IT was an operation planned with near military precision.
Roads were closed. Staff worked through the night. Specialist lorries were hired.
This was the transportation of Sheffield’s most precious historical documents; and every detail was arrange meticulously.
Some 25,000 boxes of artefacts – some dating from the 12th century – were being moved into temporary storage ahead of the current year-long, £500,000 upgrading of Sheffield Archives.
But as with all best laid plans...
“We’d arranged for everything we could think of,” recalls Teresa Januszonok, senior conservator.
“Except we didn’t think of rain.
“It took three months to move all the documents and on one of the first days it started pelting it down. The boxes are specially designed to be waterproof for seven hours but when you’ve got items dating back to 1180, you don’t take chances.
“So I found myself building this tarpaulin walkway between the door and the lorry. I tied a sheet round a tree and a lamppost. It must have looked ridiculous. I’ve been an archivist more than 30 years and I’ve done some unusual things but I never thought constructing a canopy would be among them.”
The hassle, it seems, has been worth it.
The new-look archive will reopen to the public next month – but the 12 months of work will have ensured Sheffield’s documents are safely maintained for...well, hopefully another 900 years.
New controls on temperature, humidity, air circulation and light have all been installed to ensure optimum conditions for preservation.
A revamped reception area, meanwhile, means new documents donated to the archives will undergo a thorough conservation routine before being catalogued and filed.
And that, says manager Pete Evans, is important because the papers there are not just dusty documents (indeed, that new conservation routine includes a specialist cleaning table which sucks the dust off them), but the living story of what South Yorkshire is and who we are.
Items stored there presently include everything from the 1296 Sheffield Market Charter to 21st century interviews with war refugees living in the city; from insurance claims for the 1864 flood to the company records of dozens of steel firms like Firth Brown; from school reports to council minutes.
And, yet, they all have one thing in common.
“They are absolutely vital if we are to maintain an understanding of our history,” she Pete. “Some of the papers have been around 800 years and, by upgrading the building, we are trying to ensure they stay in tip-top condition for generations to come.
“The upgrading means we continue to meet national guidelines and should remain as one of the best archives in the country.”
Moreover, it has also led to one or two surprise discoveries.
“While we were transporting the archives from the building we came across some items which we simply didn’t know we had,” says Pete.
“I think our favourite has been the Charles Dickens rider.
“He gave a reading of A Christmas Carol here in 1855 which is fairly well known but we stumbled on a letter from one of his associates to the event organiser, John Fowler.”
In it, the correspondent says the legendary author expects to be put up at the city’s Royal Hotel and that ‘Mr Dickens will want a large bedroom and sitting room, all with fires’.

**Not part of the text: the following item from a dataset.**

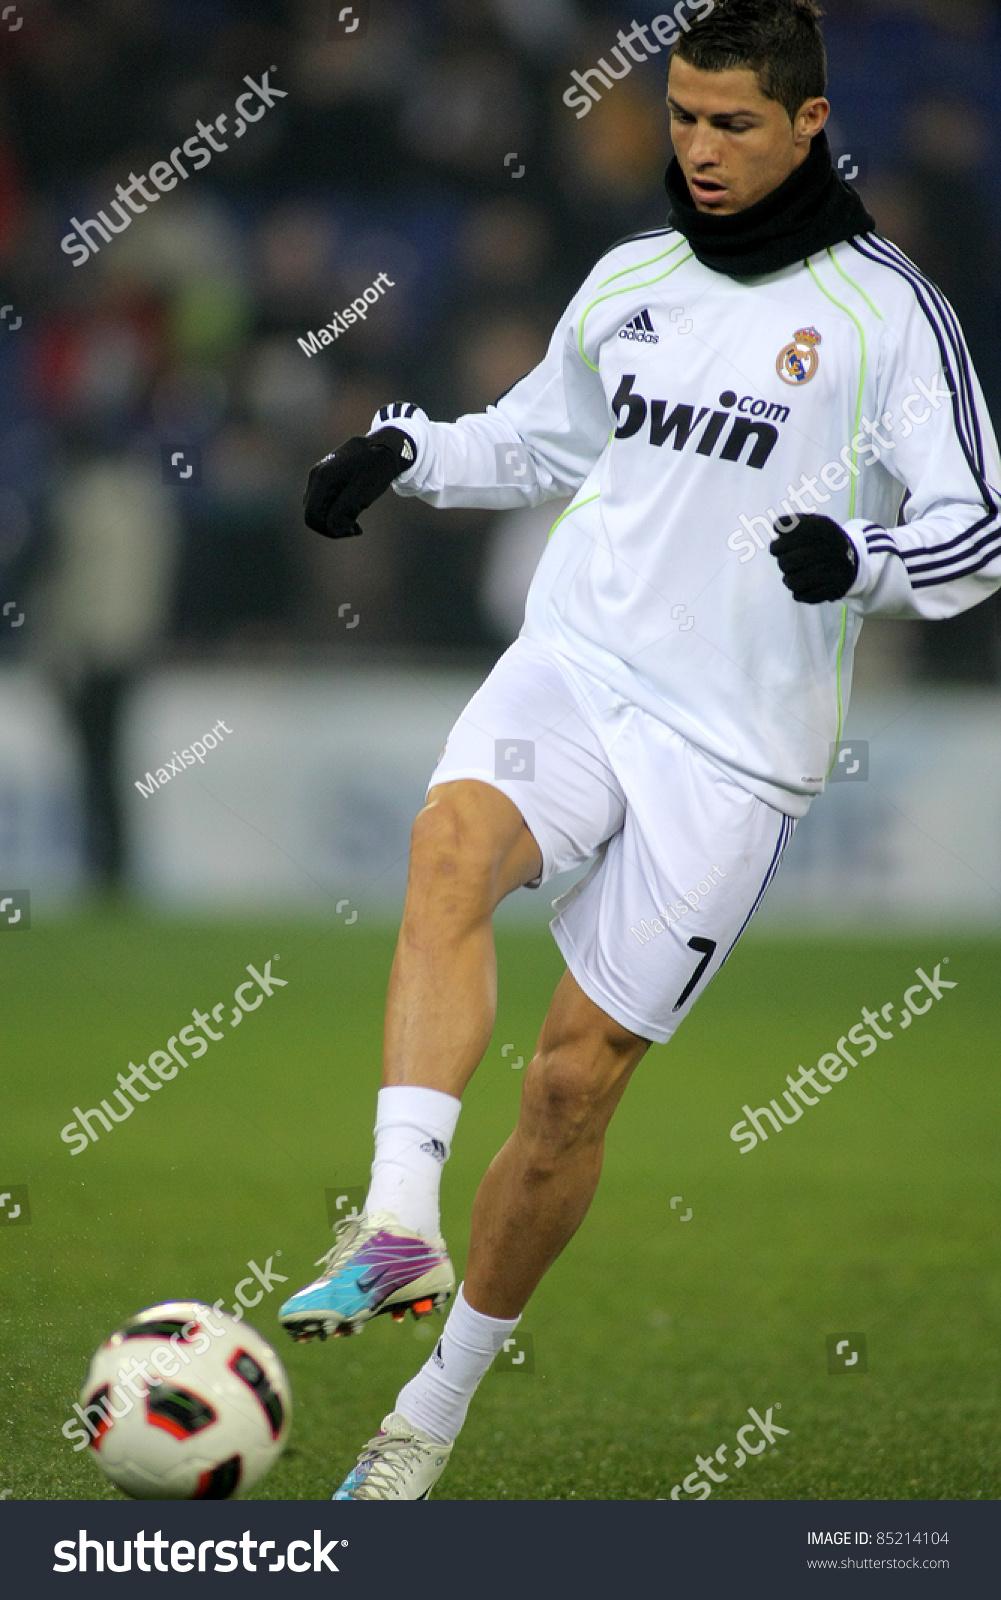 f6fdb2af8 BARCELONA - FEB 13  Cristiano Ronaldo of Real Madrid before a spanish  league match between Espanyol and Real Madrid at the Estadi Cornella on  February 13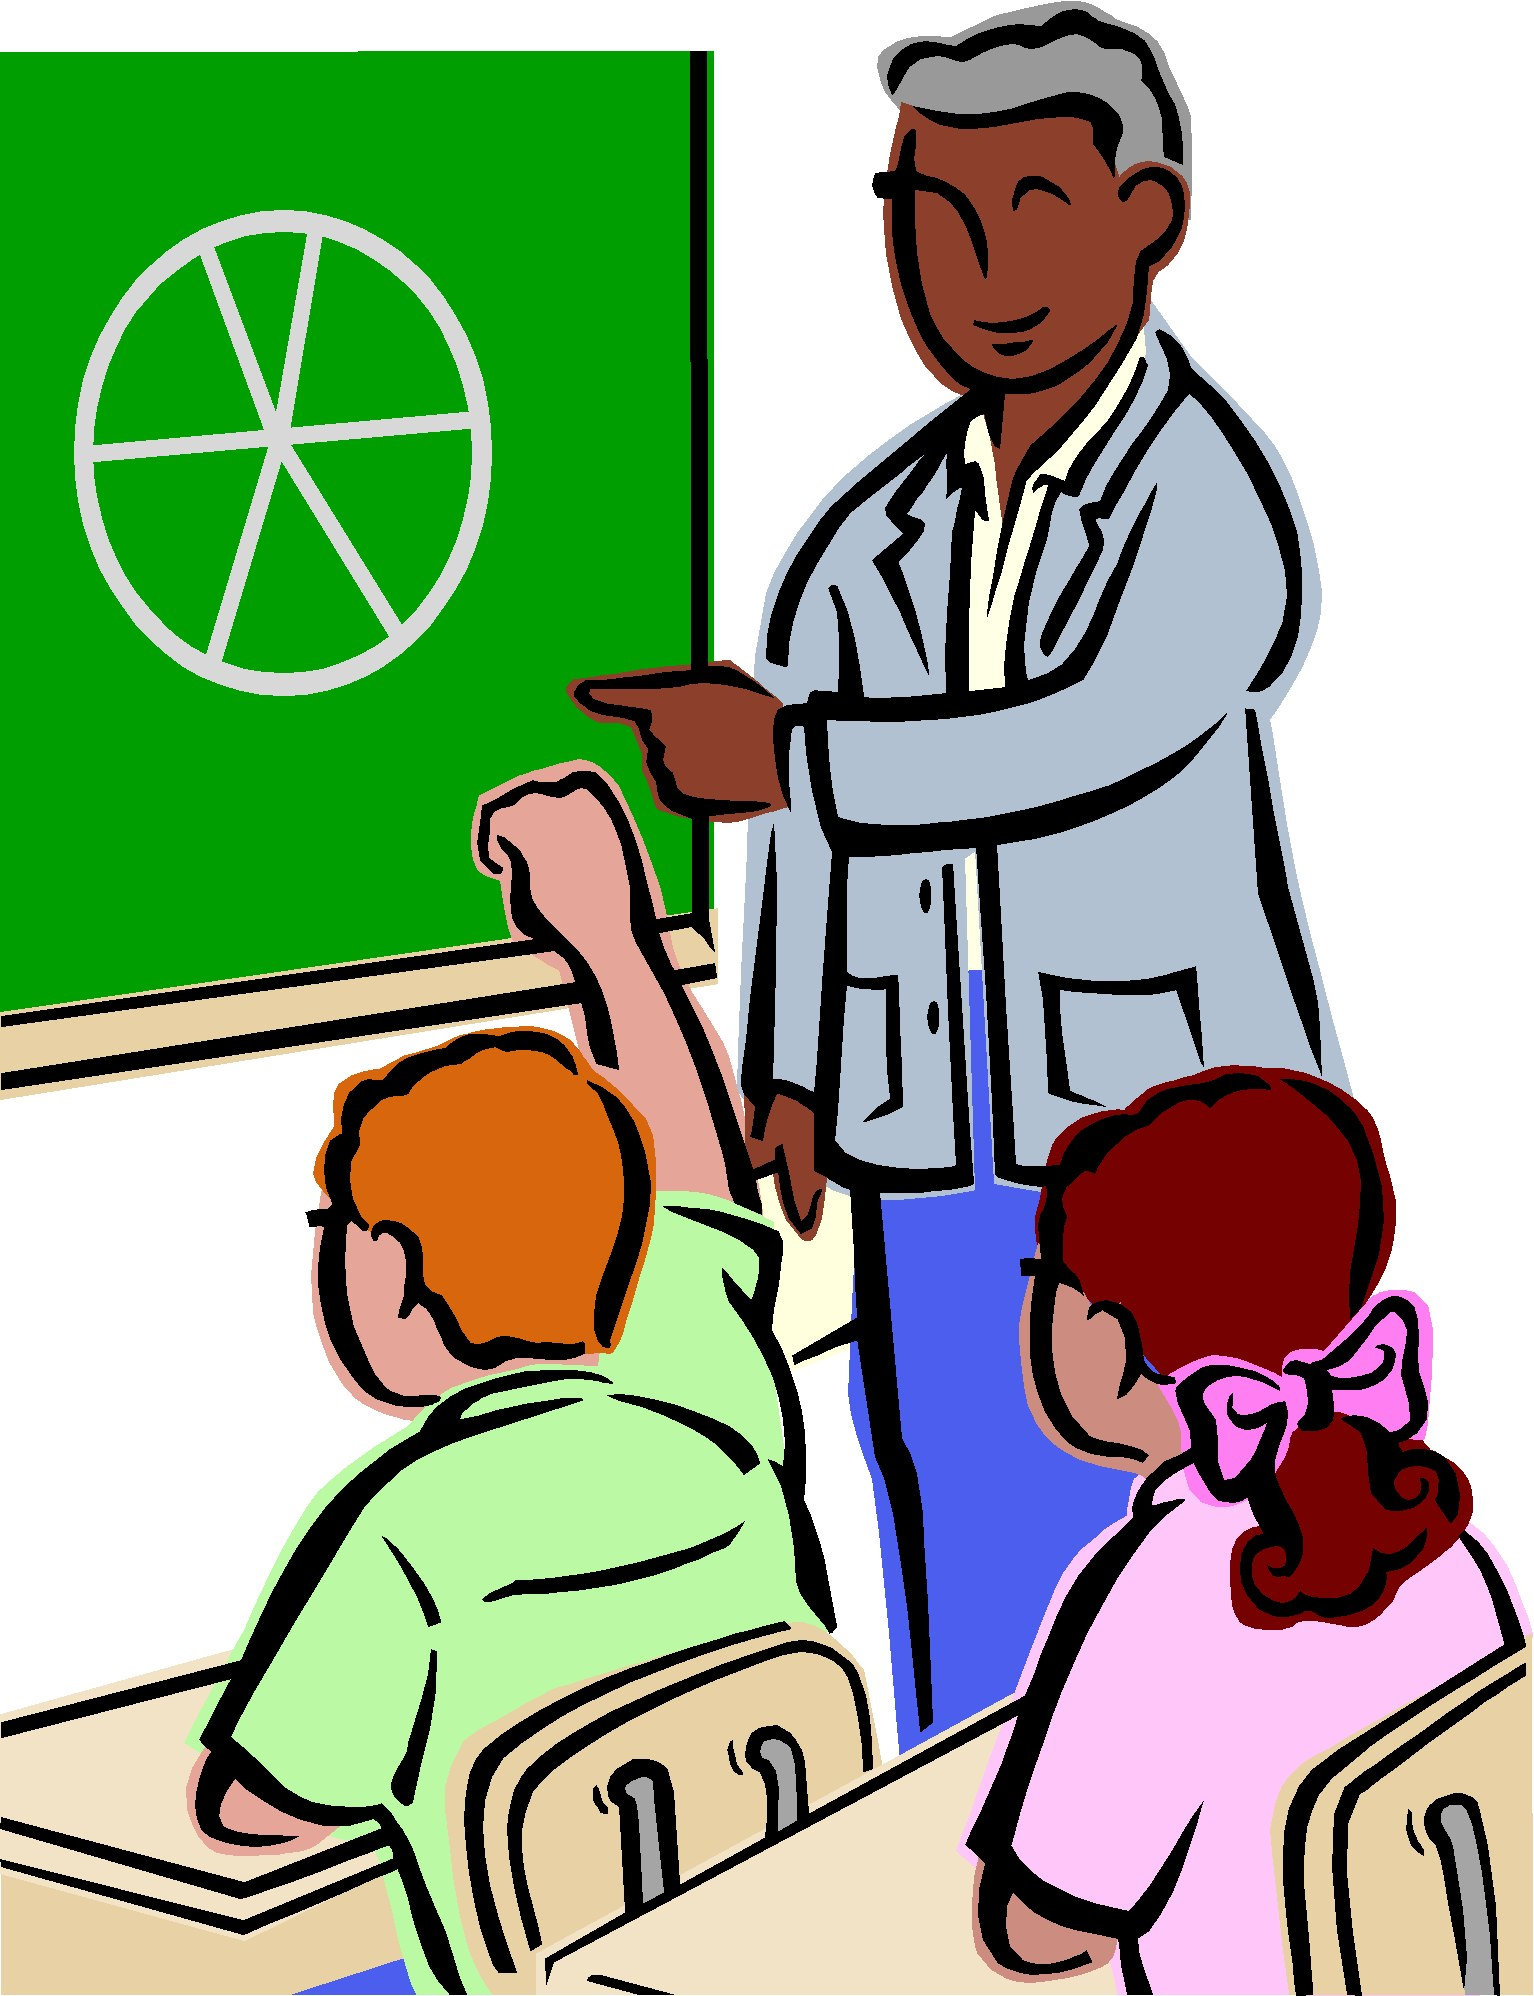 Clip Art Free Clip Art For Teachers clip art for teachers free clipart panda images teachers

“It’s a bit different to the riders of, say, pop stars today,” laughs Pete. “But it’s a fascinating parallel – I suppose he was a ‘star’ of his day.”
Now a second military style operation is under way to bring the documents back from temporary storage.
It’s another three-month job but it’s well under way already ahead of the September 5 reopening date.
“It’s summer now so we’re hoping we won’t have the same problems with the rain,” says Teresa.